Softening his words somewhat, Gates said in his keynote address at the RSA Conference in San Francisco yesterday: Our goal here is to get rid of spam, and we believe that over the next several years… we can reduce spam to not being a huge problem.
The company introduced Caller ID for E-Mail, a sender authentication system that calls for relatively simple but system-wide changes to email systems and the way the internet’s domain name system works.
Gates called the unauthenticated nature of email a huge security hole. He added: Like so many of the standards and protocols that grew up on the Internet in the early days, we need to strengthen these in this environment where there is malicious activity.
In a nutshell, this means publishing the IP addresses of outbound email servers in the DNS, and having receiving email servers configured to cross-check domains with these IP addresses before accepting incoming mail.
It’s already easy enough to blacklist spammers’ domains, and to whitelist friendly domains, but spoofing spoils all that. If email can be authenticated against a domain, it makes it a lot easier to assign a reputation to that domain based on its email behavior.
Caller ID for E-Mail requires an email policy document to be published in the TXT field of a domain’s DNS record. This field has always been in DNS, used to store extraneous or random ASCII text data about the domain.
Gates said Microsoft has patents on Caller ID, which will be made available for royalty-free license. We’re talking with other ISPs and mail providers, and we believe that by this summer, with the right agreements, we can put this in place, he said.
Microsoft will support Caller ID in its email products and services, and Sendmail Inc, one of the larger providers of mail transfer agent software, yesterday said it too will support the Microsoft initiative, as well as a similar initiative from Yahoo! Inc.
Sendmail CTO Eric Allman said the company will support any similar technically sound measure that garners industry support. Currently, he said, Yahoo’s DomainKeys and Microsoft’s Caller ID have their strengths and weakness.
DomainKeys resembles a public key infrastructure, but no certificates are required. It is technically similar to Caller ID, but instead of IP addresses in the TXT field of the DNS record, a cryptographic public key is placed there instead.

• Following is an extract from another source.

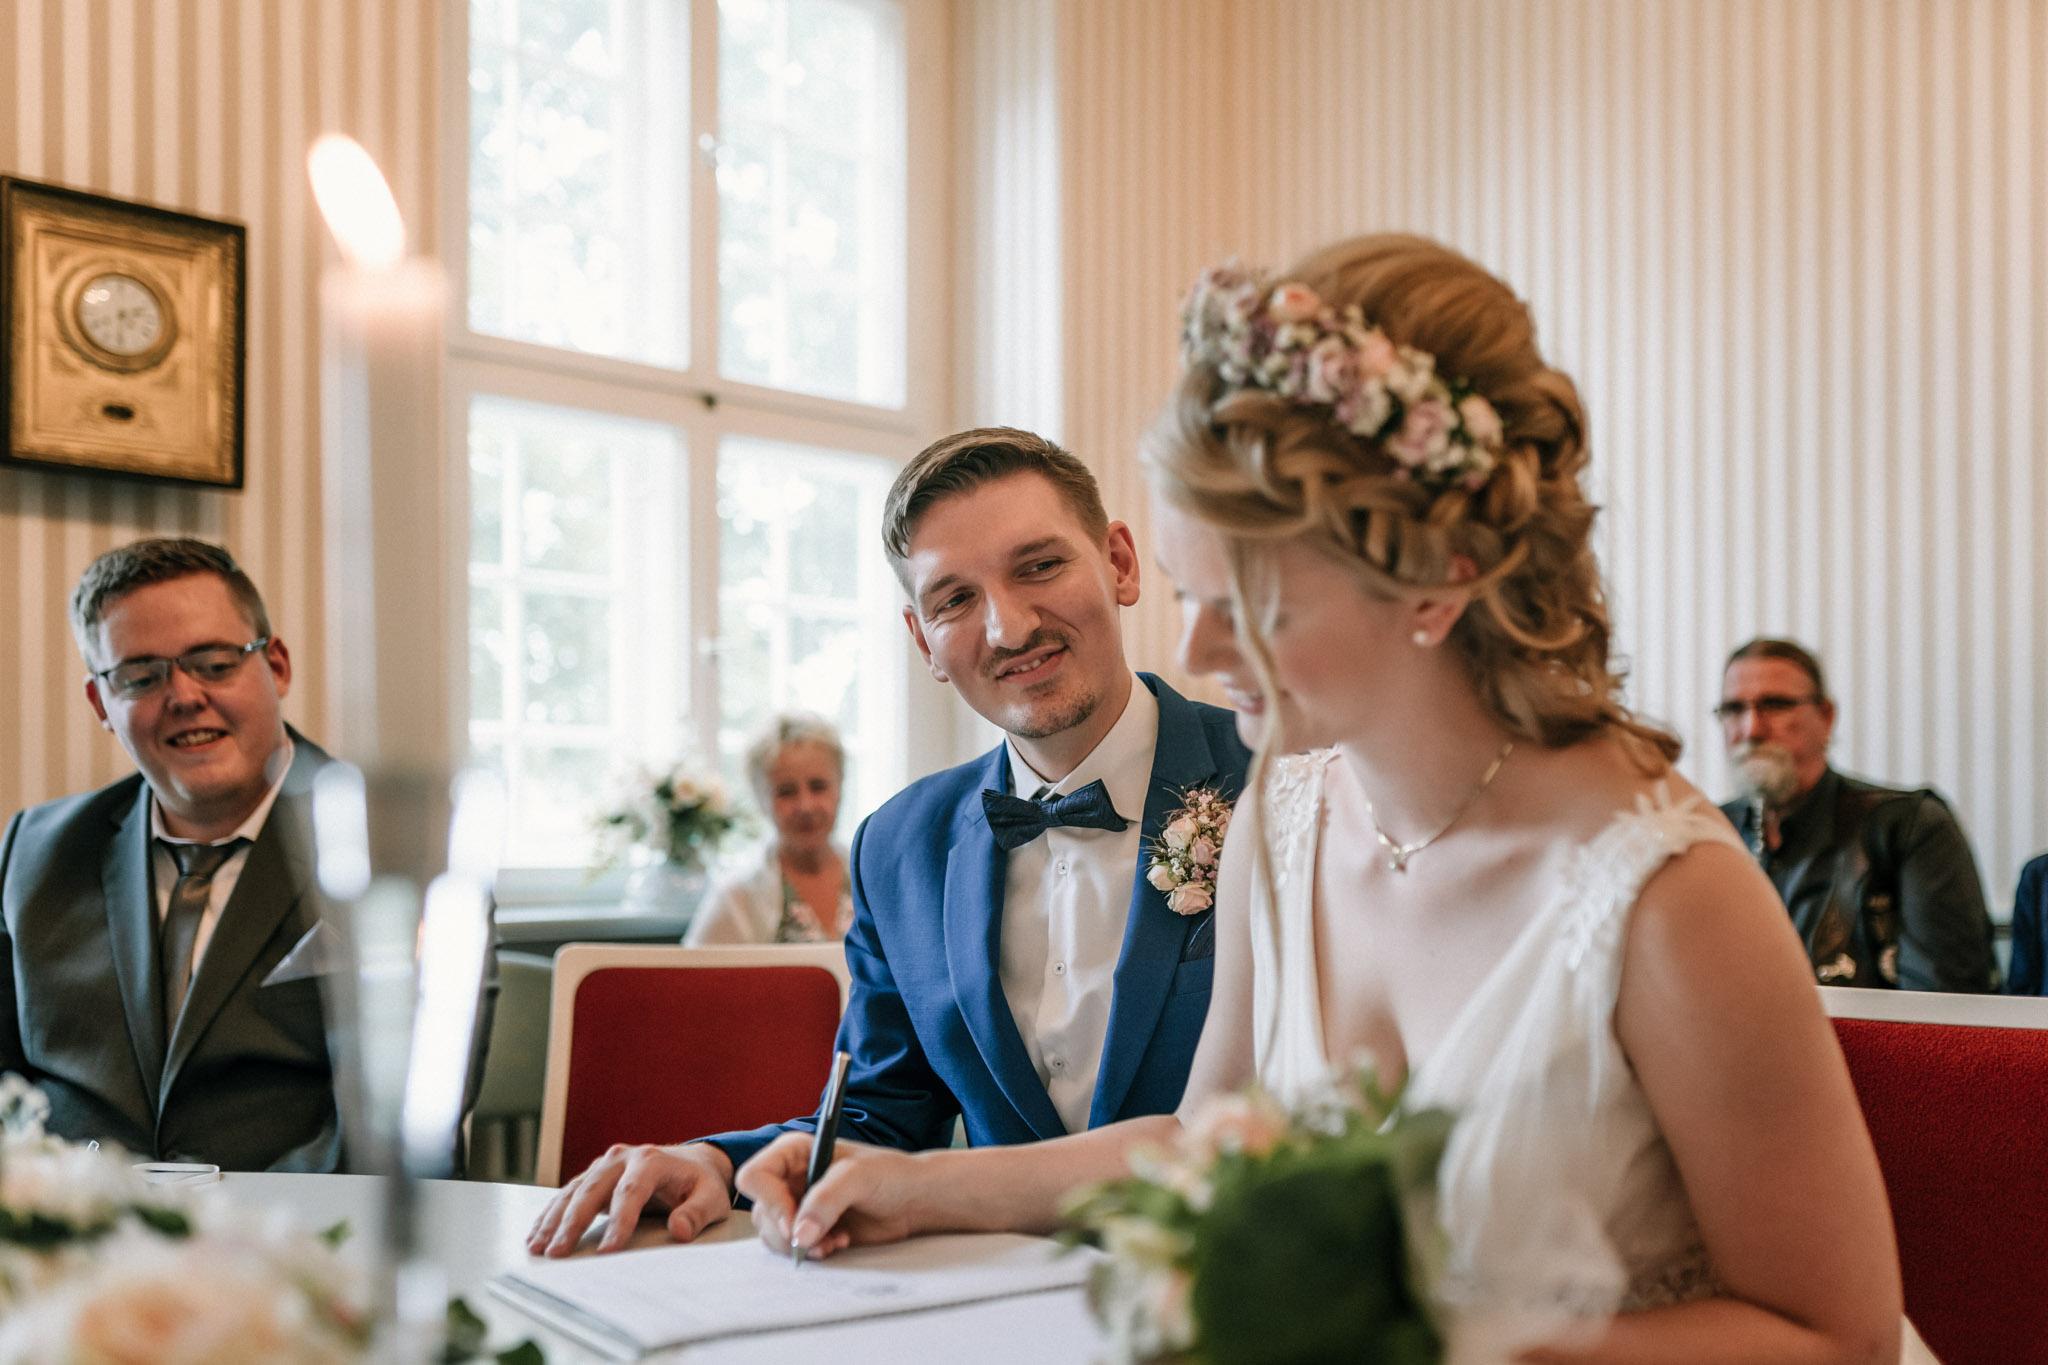 Hochzeitsfieber by Photo-Schomburg, Sven Schomburg Hochzeitsfotografie, Hochzeitsfotograf, Bad Bramstedt, Hamburg, Schleswig-Hostein-27

A key pair is generated. Email senders sign their outgoing mail with their private key, and recipients check it against the public key in the DNS. This has the added benefit of making the email tamper-resistant, Allman said.
Gates has been introducing the world to these ideas for half a year, and they are both included in a white paper entitled Coordinated Spam Reduction Initiative that Microsoft published yesterday as a thought-tool for the industry.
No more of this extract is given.